Only Mr. de Tilly could have satisfactorily met this requirement.

[17]      The same is true for other sections of required qualifications, including knowledge, the purpose of which is to evaluate the following requirement: [TRANSLATION] "knowledge of the inventory of security equipment according to the scale of issue approved by National Headquarters". Here, Mr. de Tilly earned a [TRANSLATION] "superior" rating for the following reasons:

     [TRANSLATION]

     Mr. de Tilly must continually refer to the security equipment scale of issue to identify which types of equipment may be purchased or used by the correctional officers. From time to time, he must make recommendations to add equipment to or remove it from this scale by producing evaluation reports on the various equipment used by staff in general.4

It should be noted, however, that the three other candidates all received a [TRANSLATION] "satisfactory" rating for this requirement as well as the following comment:

     [TRANSLATION]

     In the course of his work, [the candidate] does not have to work with the scale of issue for the security equipment inventory; however, he is familiar with and uses most of the authorized equipment. His knowledge in this area is limited.5

It is clear that candidates Piedimonte, Ordines and Bolduc could never have obtained a "superior" rating for this requirement because they never held the position of maintenance officer.

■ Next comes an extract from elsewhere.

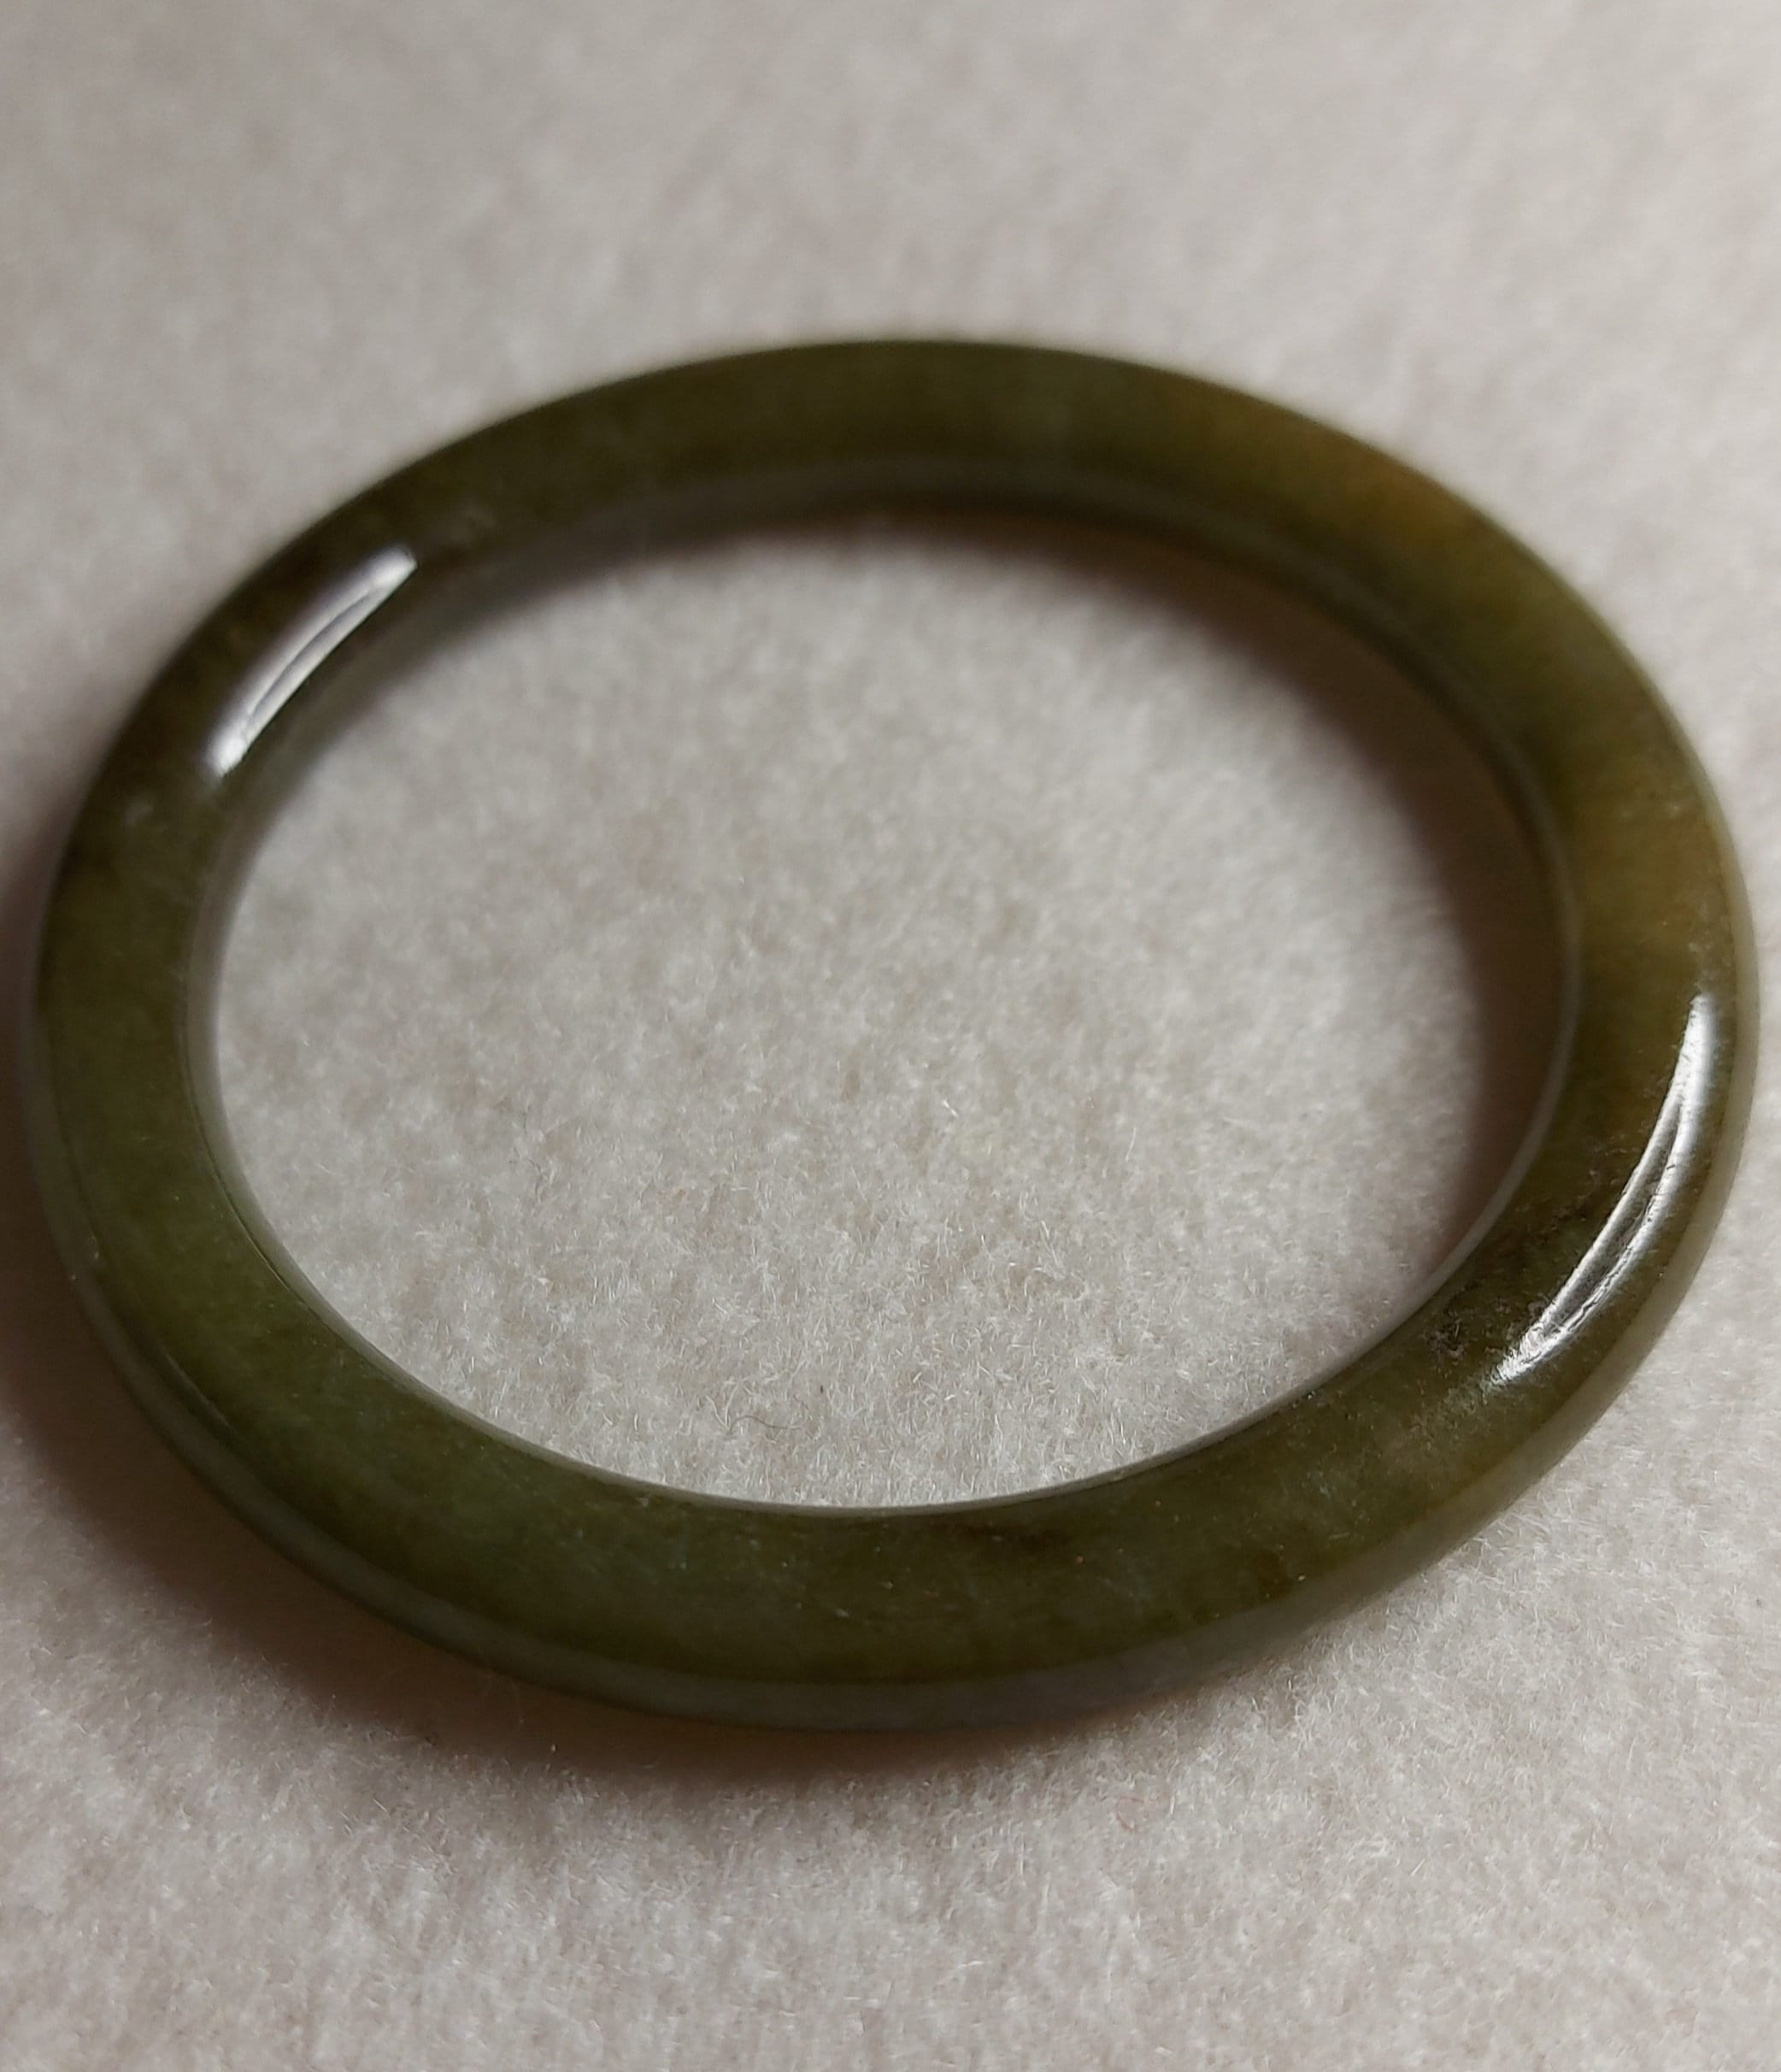 Genuine Green Jade Round Beads Bracelet Bangle ( 9.5 mm ) | Jade Jewelry, Nephrite Jade Jewelry | RealJade, authenticity Is Timeless 6.5 Inches

[18]      These examples demonstrate that the selection process itself gave an advantage to the candidate who was the most familiar with the job in question in the instant case, and Pearce reminds us that an assignment in combination with a selection process that gives an unfair advantage to a particular candidate compromises the principle of selection based on merit.

[19]      Furthermore, the statement by Dubé J. in McAuliffe, supra, applies under the circumstances because the instant case concerns a candidate who received an unfair advantage because he held the position of maintenance officer even before a valid selection process was begun. It was by holding this position prior to a valid selection that Mr. de Tilly was able to become proficient in the duties of the maintenance officer and, in so doing, was able to meet the selection requirements and come first in the group.

[20]      As I am bound by Pearce and have been influenced by McAuliffe in the instant case, I must conclude that the actions of the Selection Board compromised the principle of selection according to merit and that the Appeal Board erred in failing to ascertain whether the assignment in combination with the selection process gave an unfair advantage to the candidate assigned to the position, thus compromising the principle in question.

[21]      For the aforementioned reasons, the application for judicial review must be allowed.

     O R D E R

THE COURT:

-      allows the application for judicial review;
-      quashes the decision of the Appeal Board dated December 12, 1997;
-      returns the matter to the Appeal Board for a decision on the basis of the instant reasons.

                                 PIERRE DENAULT

     J.F.C.C.

Certified true translation

M. Iveson

     FEDERAL COURT OF APPEAL

     TRIAL DIVISION

     NAMES OF COUNSEL AND SOLICITORS OF RECORD

COURT NO.:              T-72-98

STYLE OF CAUSE:          GUY ORDINES, GUY BOLDUC AND DEANNO PIEDIMONTE

                 - AND -

                 ATTORNEY GENERAL OF CANADA

PLACE OF HEARING:      OTTAWA, ONTARIO

DATE OF HEARING:      SEPTEMBER 16, 1998

REASONS FOR ORDER AND ORDER BY THE HONOURABLE MR. JUSTICE DENAULT

DATED:              OCTOBER 8, 1998

APPEARANCES:

James G. Cameron          For the applicants

Claude Morissette          For the respondent

SOLICITORS OF RECORD:

Raven, Allen, Cameron

& Ballantyne

Ottawa, Ontario          For the applicants

Morris Rosenberg

Deputy Attorney General

of Canada              For the respondent

__________________

1      Applicants" record, p. 059.

2      Applicants" record, p. 065.

3      Applicants" record: assessment of Deanno Piedimonte, pp. 070-074; assessment of Guy Ordines, pp. 075-078; assessment of Guy Bolduc, p. 079-082.

4      Applicants" record, p. 066.

5      Applicants" record: assessment of Mr. Piedimonte, p. 071; assessment of Mr. Ordines, p. 076; assessment of Mr. Bolduc, p. 080.